Profitable Break-even Point Analysis

a. What is the break-even point in dollars of sales if the sales mix is 1:1? How many units of chairs and bar stools need to be sold to reach the break-even point?

Break-even point______
Number of chairs_____
Number of bar stools_____

b. How does the break-even point in dollars of sales change if the sales mix changes to 1:4? How many units of chairs and bar stools need to be sold in this scenario?

Break-even point______
Number of chairs_____
Number of bar stools_____

In both scenarios, the break-even point in dollars of sales is $26,895, with 489 chairs and bar stools sold.

The break-even point is the point at which a company's total revenue equals its total costs, resulting in zero profit or loss. To calculate the break-even point in dollars of sales, we need to consider the sales mix and the costs associated with each product.

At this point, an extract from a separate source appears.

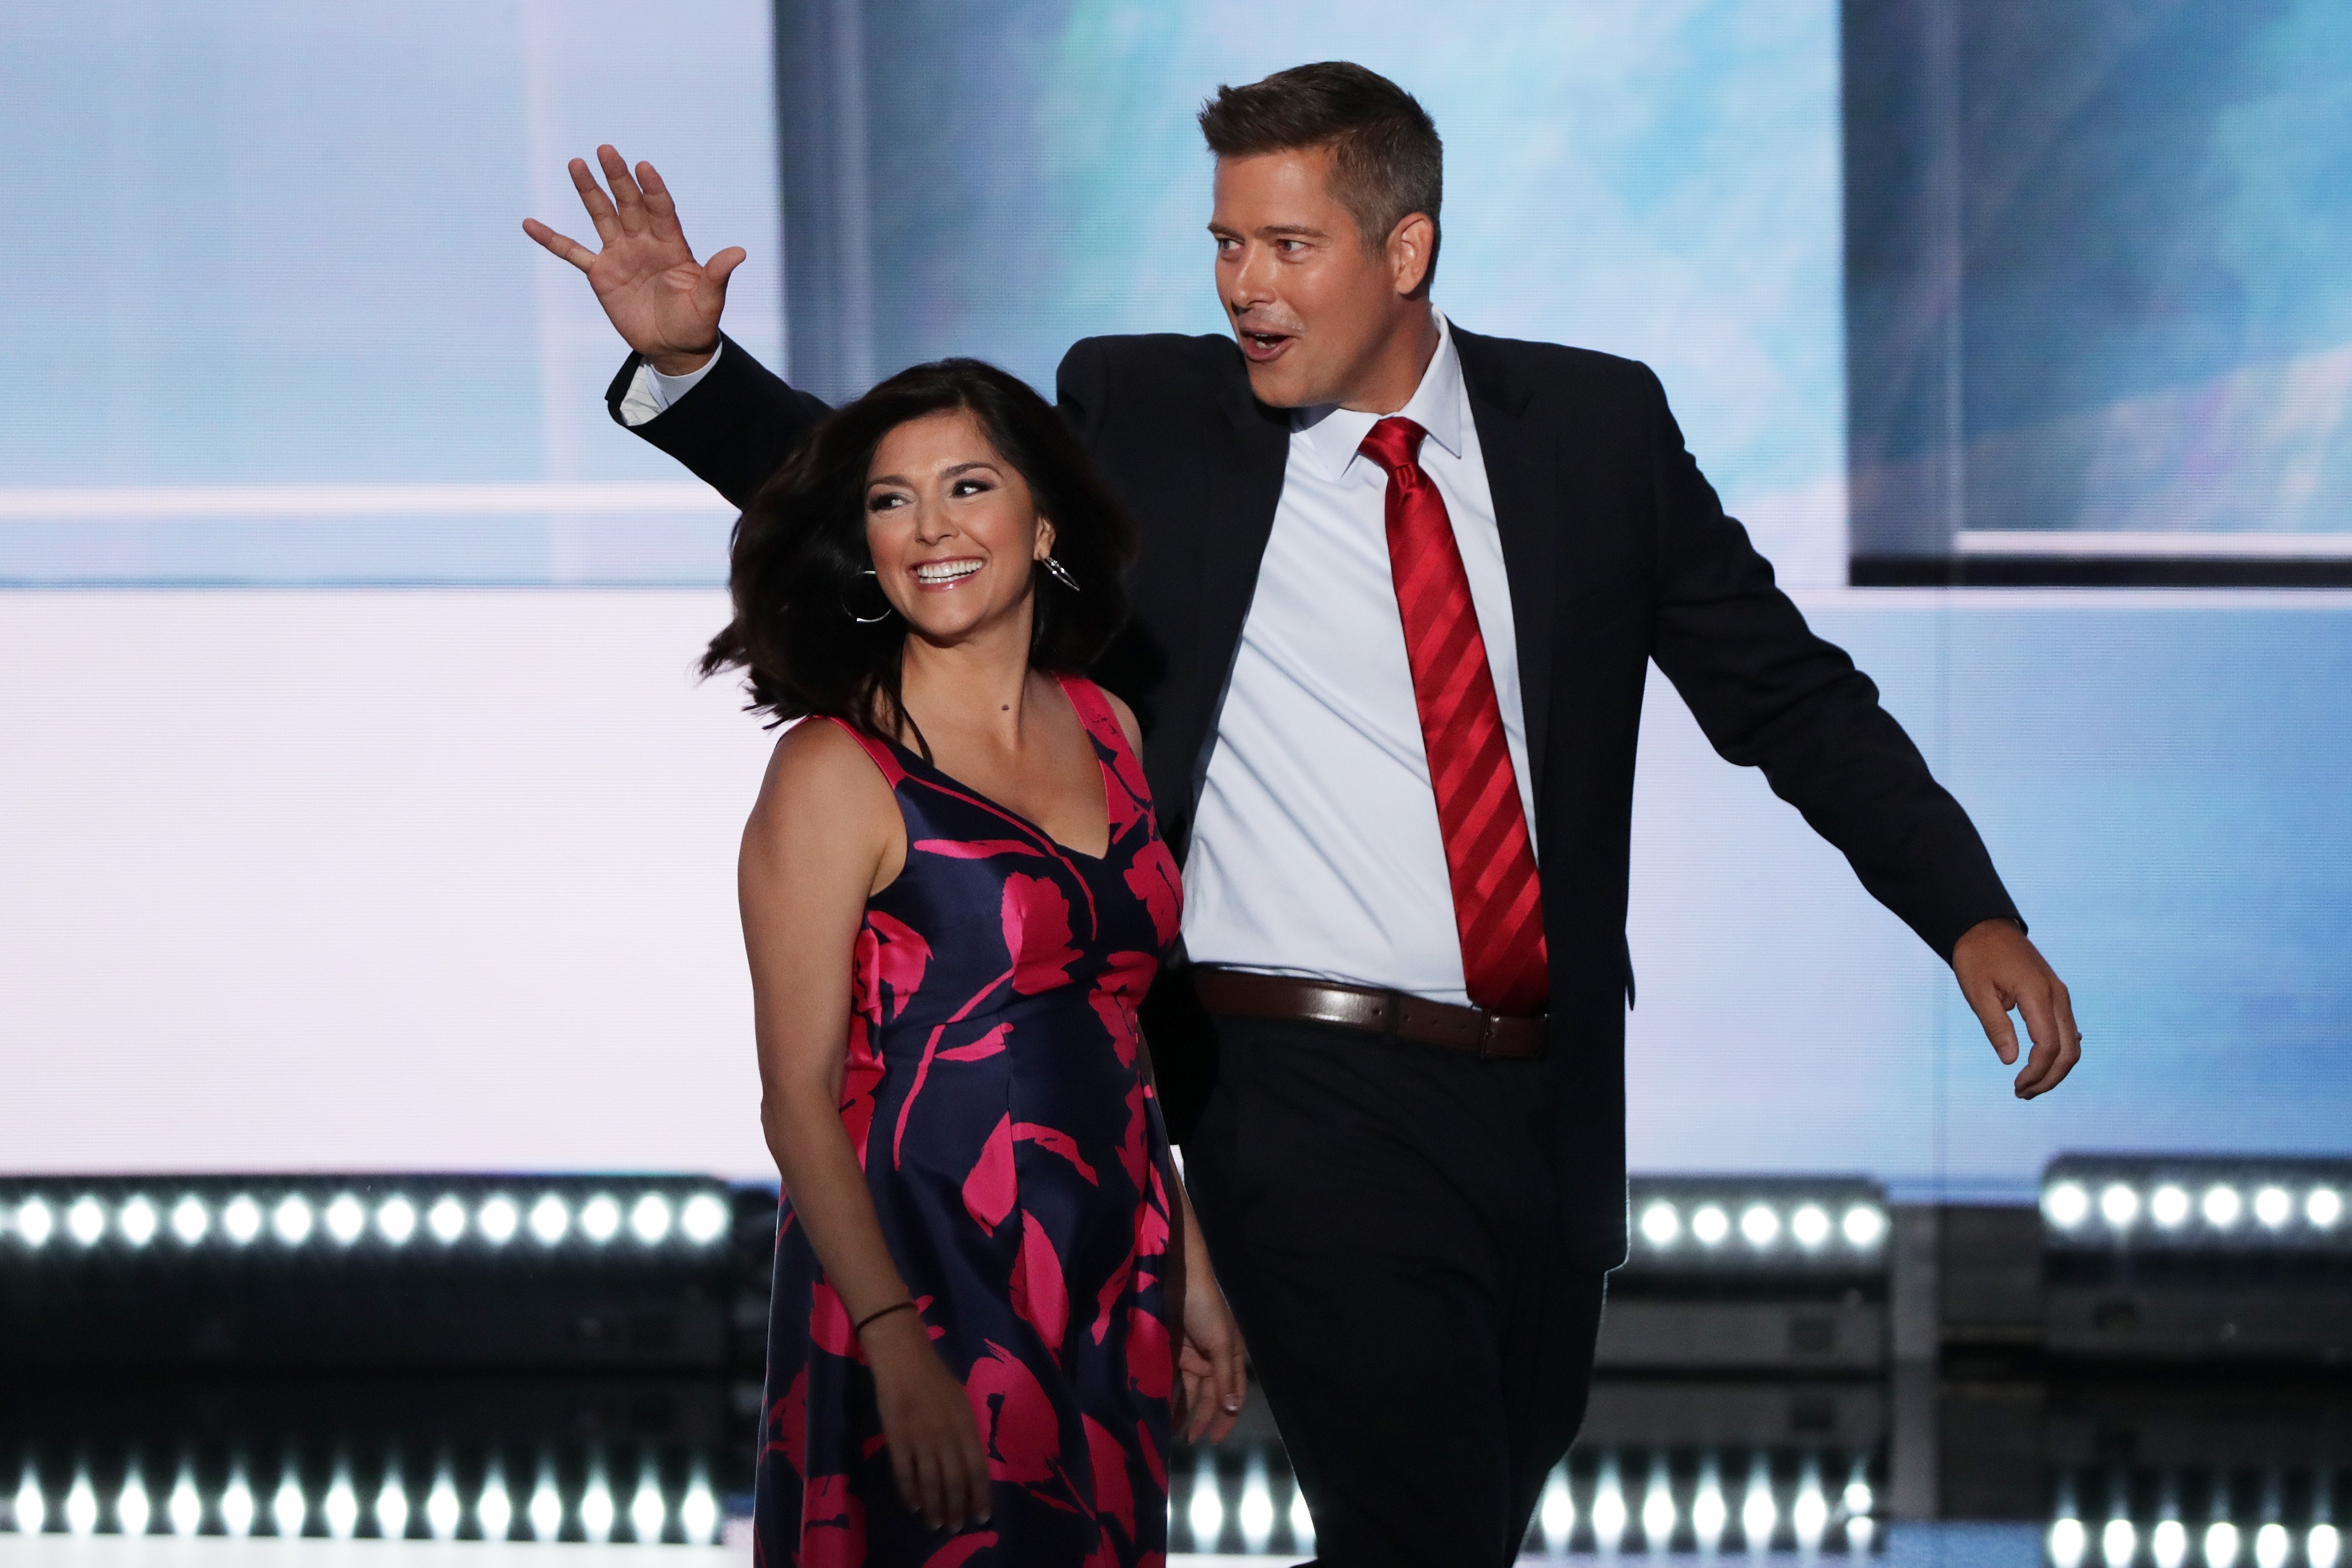  U.S. Rep. Sean Duffy along with his wife Rachel Campos-Duffy walk on stage on July 18, 2016 |Photo: Getty Images

a. Break-even Point Calculation with 1:1 Sales Mix

If the sales mix is 1:1, meaning one chair is sold for every bar stool sold, the total cost for each unit sold is $45 ($25 + $20). The fixed cost is $22,000. To find the break-even point in units, we divide the fixed cost by the contribution margin per unit: $22,000 / $45 = 488.89. Since we can't sell a fraction of a unit, we round up to the nearest whole number, which gives us 489 units.

To find the break-even point in dollars of sales, we multiply the break-even point in units by the selling price per unit: 489 x $55 = $26,895.

b. Break-even Point Calculation with 1:4 Sales Mix

If the sales mix changes to 1:4, meaning one chair is sold for every four bar stools sold, the total cost for each unit sold is $29 ($25 + 4 * $20). Using the same formula, we find the break-even point in units is 488.89. Rounding up to the nearest whole number gives us 489 units.

To find the break-even point in dollars of sales, we multiply the break-even point in units by the selling price per unit: 489 x $55 = $26,895.